Tansu Çiller’in “elimde Kürt işadamlarının listesi var” sözü bilinmektedir. Bu,
açıkça Kürt işadamlarına “ya bizim işbirlikçimiz olursunuz ya da ölürsünüz”
mesajıdır. Bu mesajdan sonra bir kısım Kürt işadamının devletin kirli işlerini
yapanlara haraç verdikleri de söylenmektedir.
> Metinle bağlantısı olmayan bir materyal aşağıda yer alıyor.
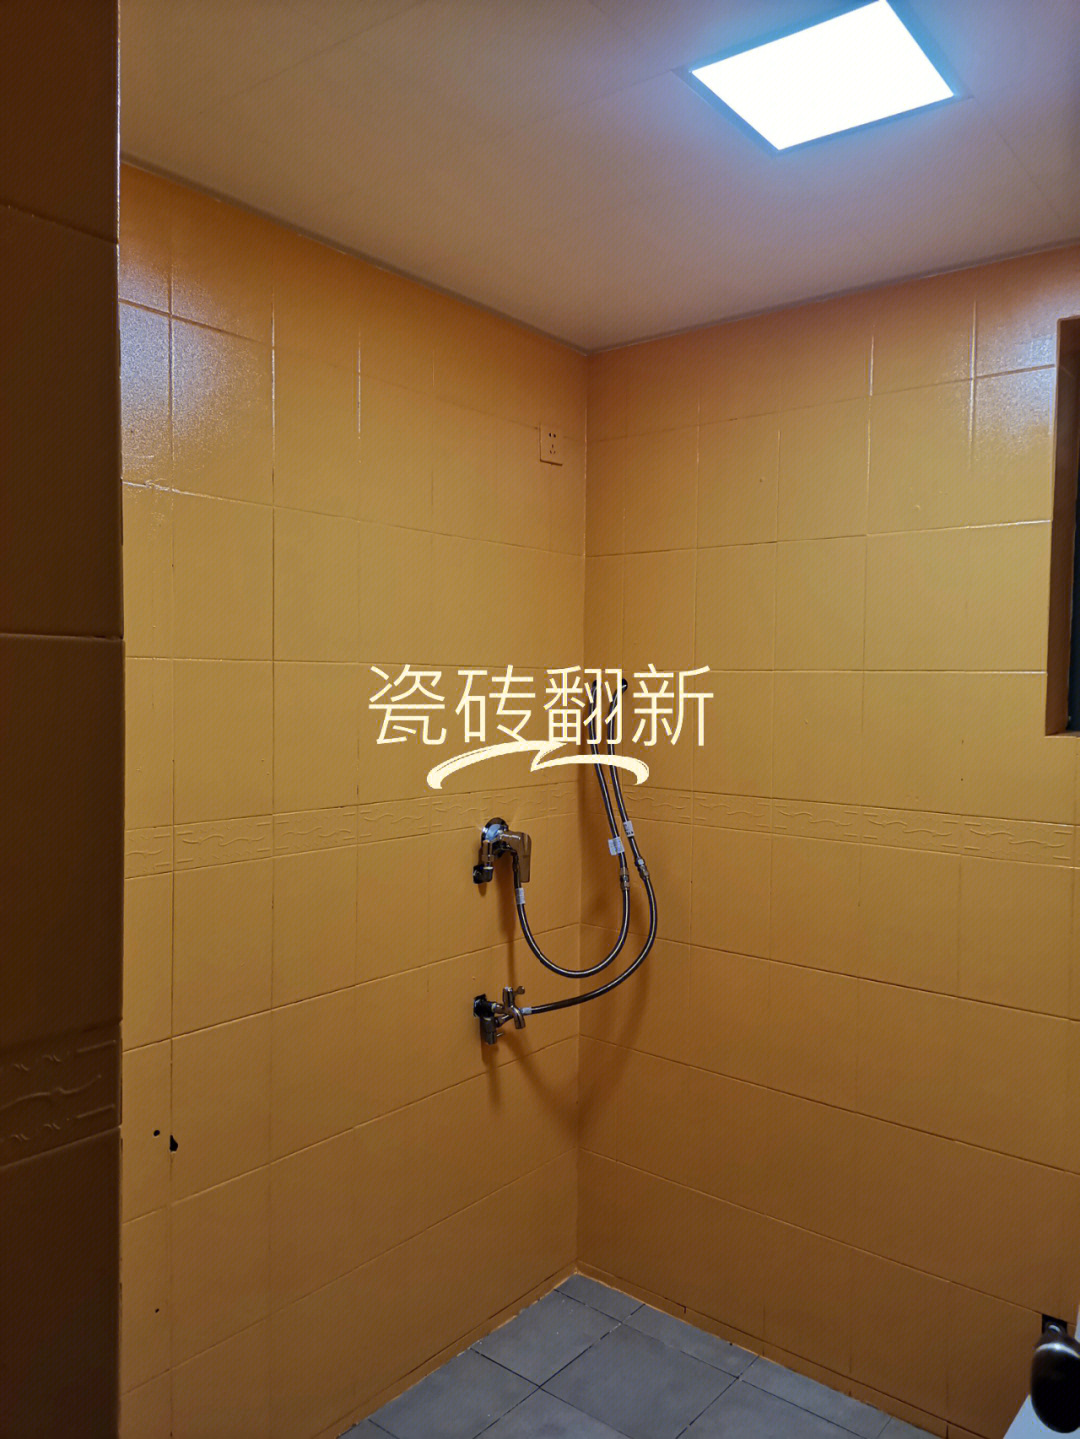 深圳专业师傅施工 瓷砖翻新 墙面刷油漆 旧房翻新 贴地板 水电安装!

Kürdistan’a da kapitalizmin girmesiyle ve kapitalizmin esas sömürü
biçimi haline gelmesiyle birlikte işbirlikçilik eskiye göre karakter
değiştirmiştir. Hiçbir dönemin işbirlikçiliği son on yılların işbirlikçiliği
kadar kişiliksiz olmamıştır. Tam uşak diyebileceğimiz bir işbirlikçilik
karakteri doğmuştur.Kapitalizm öyle bir işbirlikçilik yaratmıştır ki, devletle
en ufak bir ayrıksılık yaşamak bitmekle eş anlamlıdır. Finans kapitalin
ağırlığını hissettirdiği dönemde devletle uyumsuz olan her iş sahibi kısa
sürede ya batırılır ya da teslim alınır. Günümüzün akçeli işlerinin kanunu
budur. Bunun en somut örneği Aydın Doğan grubudur. Ekonomik kaynakları elinde
bulunduran devlet-hükümet bir işadamını isterse rahatlıkla batırır. Kredi
vermez batırır, vergi borcuyla batırır, iş yaptığı sahaları sıkboğaz ederek
batırır; hatta rakiplerini güçlendirerek batırır. Günümüzde hiçbir işadamının
hükümet karşısında iradeli bir duruş gösterme gücü yoktur.
Dünün Kürt işbirlikçileri bu düzeyde devletle göbek bağı içinde
değildi. Örneğin feodal-komprador denen kesimler de gerektiğinde kıra dayalı
ilişkilerini, oradaki imkanlarını kullanarak göreceli bir duruş gösterebilirdi.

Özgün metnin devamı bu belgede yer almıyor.